Let’s turn back to the pages where you wrote several refulgent goals for the new year. Acquiring certifications, reading books, setting aside money for the future… how many of these did you achieve so far? Still, three months have left, but failure is so nerve-wracking. if we fail. Moreover, it’s autumn, it’s September! The season of harvest and last semester of this year are just around the corner; maybe some of your friends uploaded fresh Instagram posts that she is successfully preparing new activities and strengthened resolution for the rest of the year. However, someone still may collapse under the burnout from the previous semester and just want to seize a delightful vacation. The 2nd Clapperboard can create a cozy bed for people who want to fully recharge. It doesn’t matter if you are about to hit rock bottom, or already hit it. Just enjoy two movies in which you can sympathize with the characters and yourself. It’s okay to mess up or sob loudly; after the film, you will get fresh energy to brace yourself and tidy up.

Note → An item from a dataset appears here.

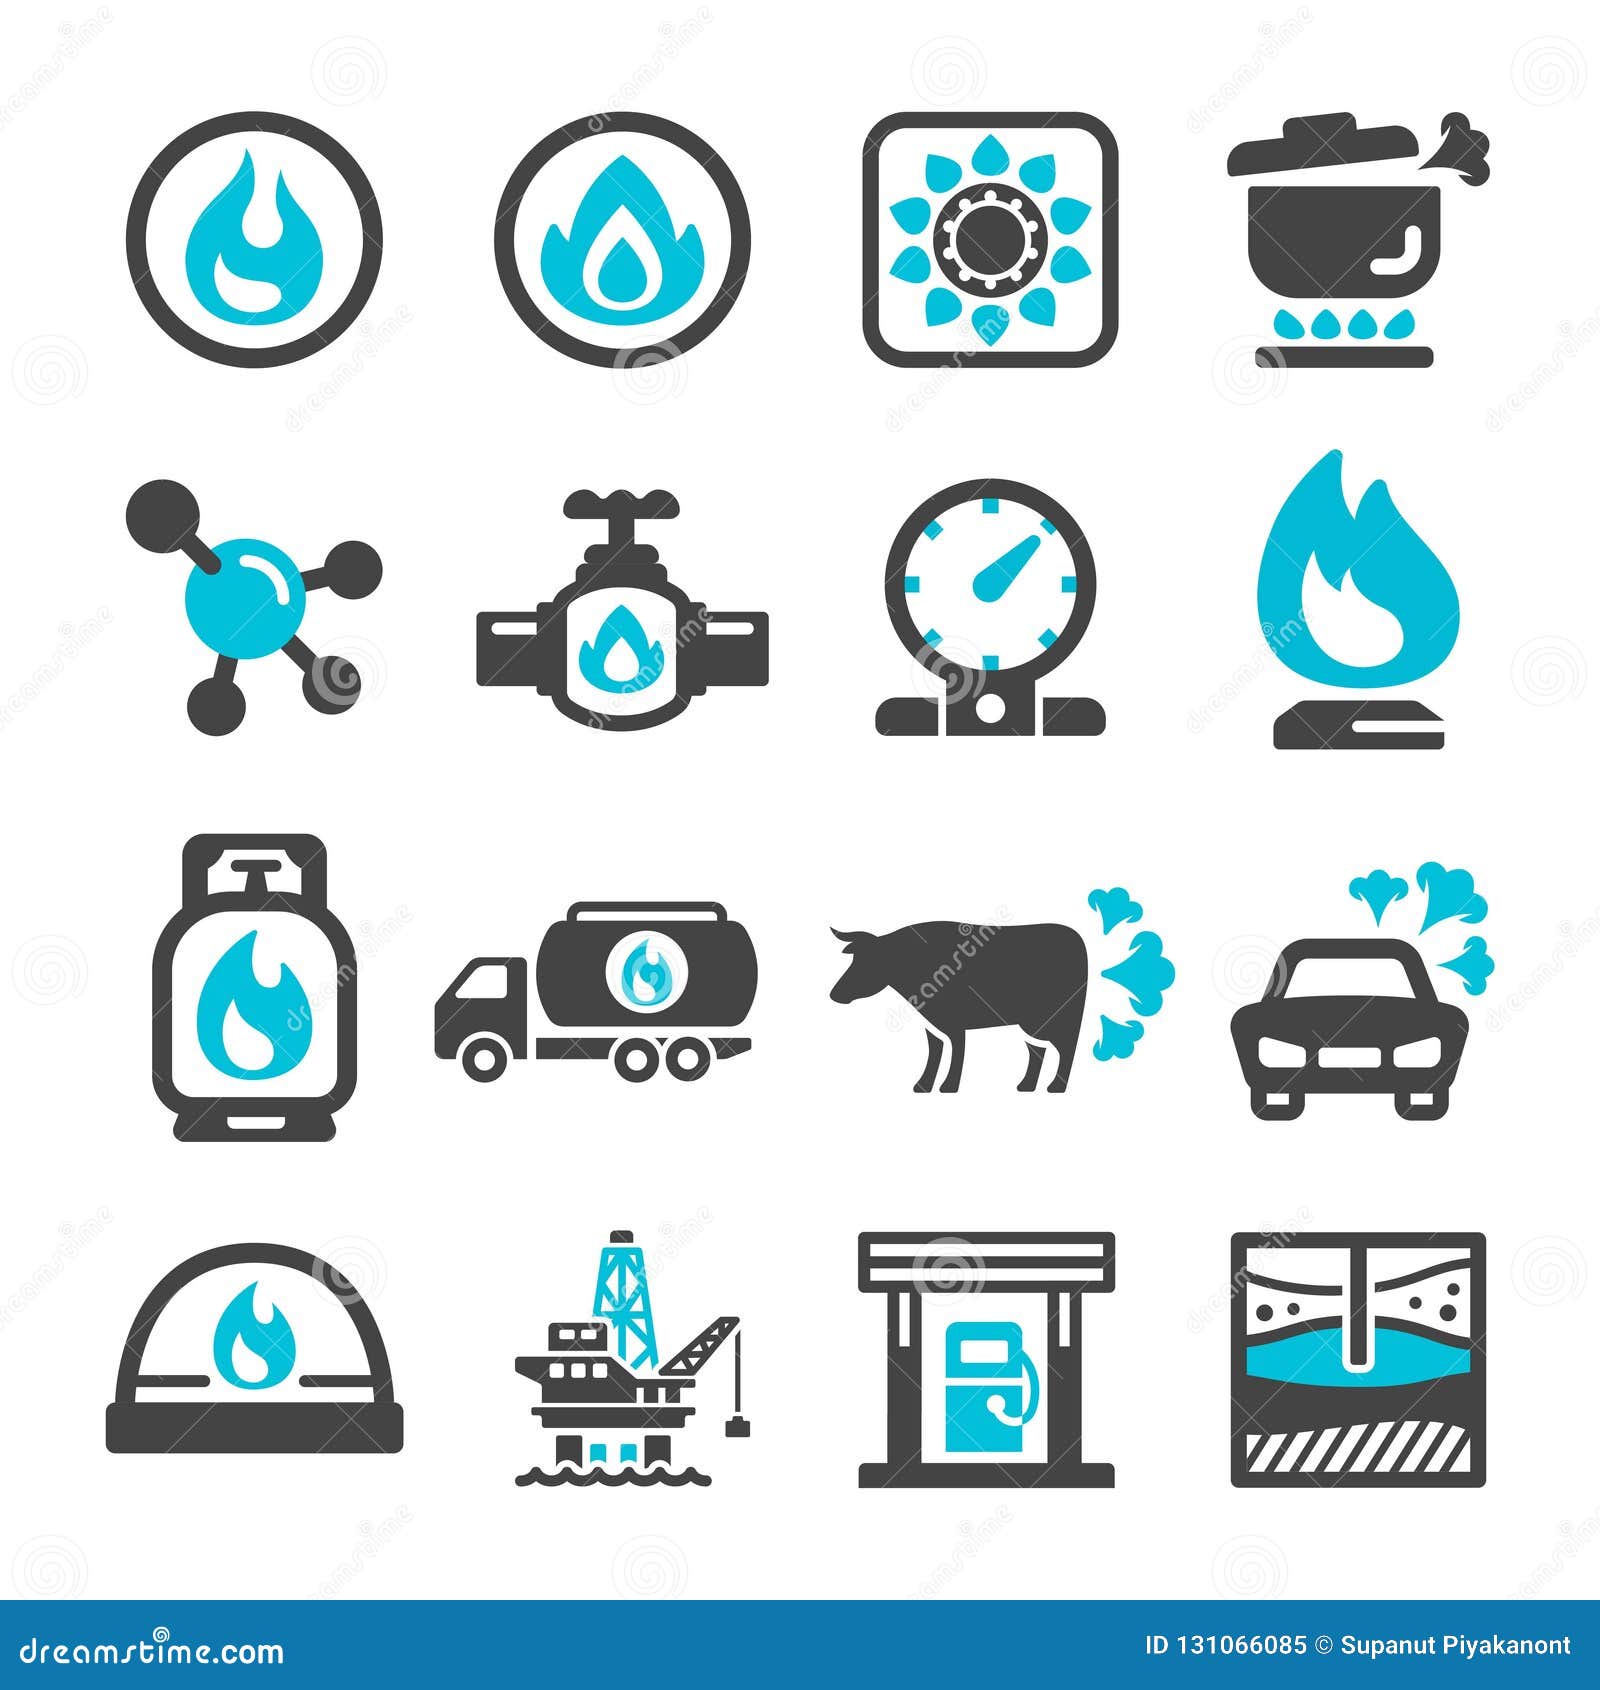 natural gas icon set

 1. The Edge of Seventeen, directed by Kelly Fremon Craig * available on Netflix

Being seventeen is quite tough. Teenagers who are passing seventeen are literally being located at the sharp edge to form their personalities; everything bothers and exasperates them. The main character of the movie, Nadine is passing especially rough adolescence; her family doesn’t care for her as much as she wants, they even load her with a huge inferiority complex. School life is miserable, too; her only friend falls in love with Nadine’s horrible brother, and unfortunately, Nadine’s relationship doesn’t work out. As the story unfolds, she wanders around people who she wishes to receive warm affection from and runs into shameful troubles. Even if the solutions were not wise enough, ordinary days and serenity finally returned to Nadine.

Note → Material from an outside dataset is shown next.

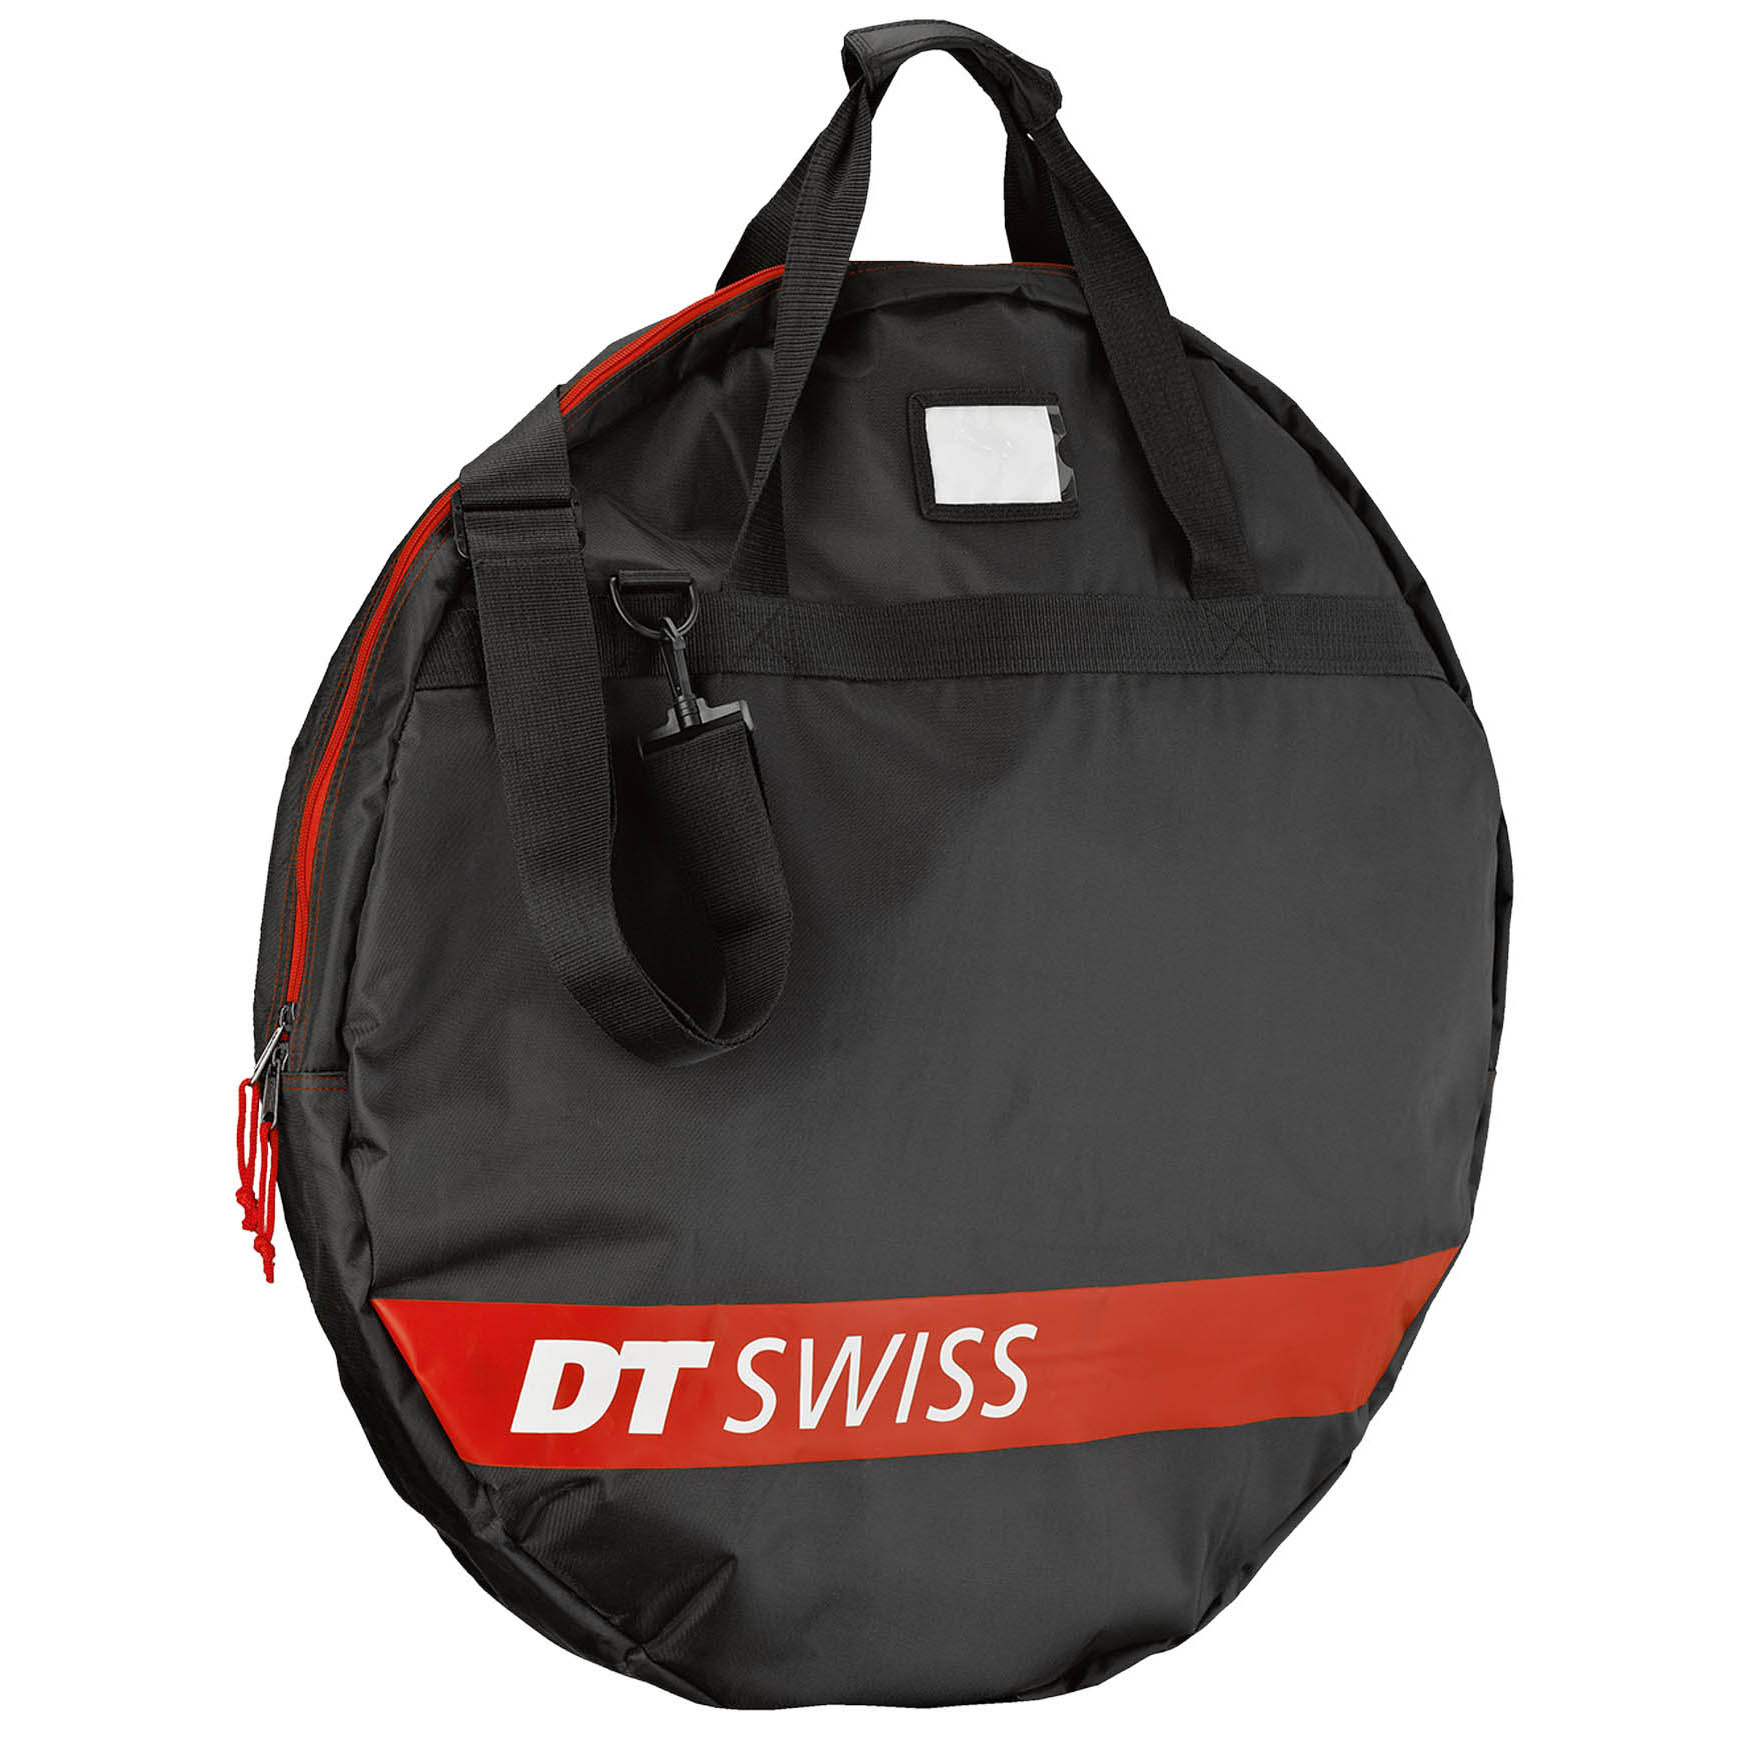 DT Swiss Single Wheel Bag, Black/Red

At least once in a life, everyone is tied up in knots; emotions fiercely gust into the mind, and things get complicated and twisted. The film merely brought the age of seventeen to represent a chaotic chapter of our life; at any age, any situation, any time we repeatedly face deep anguish. Nonetheless, as Nadine and all of us did, the tempest will eventually die down, and all clouds have a silver lining. 

2. Lucky Chan-sil, directed by Kim Cho-hee * available on Netflix

Going through midlife is as harsh as much as adolescence. Despite our best efforts to avoid misfortunes, they visit us. Chan-sil, the protagonist of Lucky Chan-sil, had been a diligent and amiable movie producer. One day, she was fired, as her faithful director unexpectedly died at the dinner party with fellow crew members. She had to not only overcome inconsolable grief of the trusted colleague but find a way to make living. Her situation is no different to Nadine; maybe she is at the much urgent and vast edge of the life. Not at all daunted, our gallant Chan-sil paves the way to a new life: moving to a new place where a warmhearted landlady and a ghost await, working as a housekeeper, and carefully authoring her first scenario. When a decent job and a serene family are allowed to everyone except her, what Chan-sil does is to stand alone, rather than sprint for others. What makes the film even more filled with bonhomie is behind the scenes; without Yoon Yeo-jung, even the synopsis for Lucky Chan-sil wouldn’t see the light nor meet the audiences. She encouraged the director Kim Cho-hee when she confronted forlornness because of unemployment as a movie producer, just like Chan-sil from the movie. The heartfelt consolation from Yoon pushed her to create an autobiographical movie; the solidarity between two women reenacted through the relationship between Chan-sil and Grandmother, which Yoon actually played in the movie. Amity and vitality between women rise inside and outside the movie.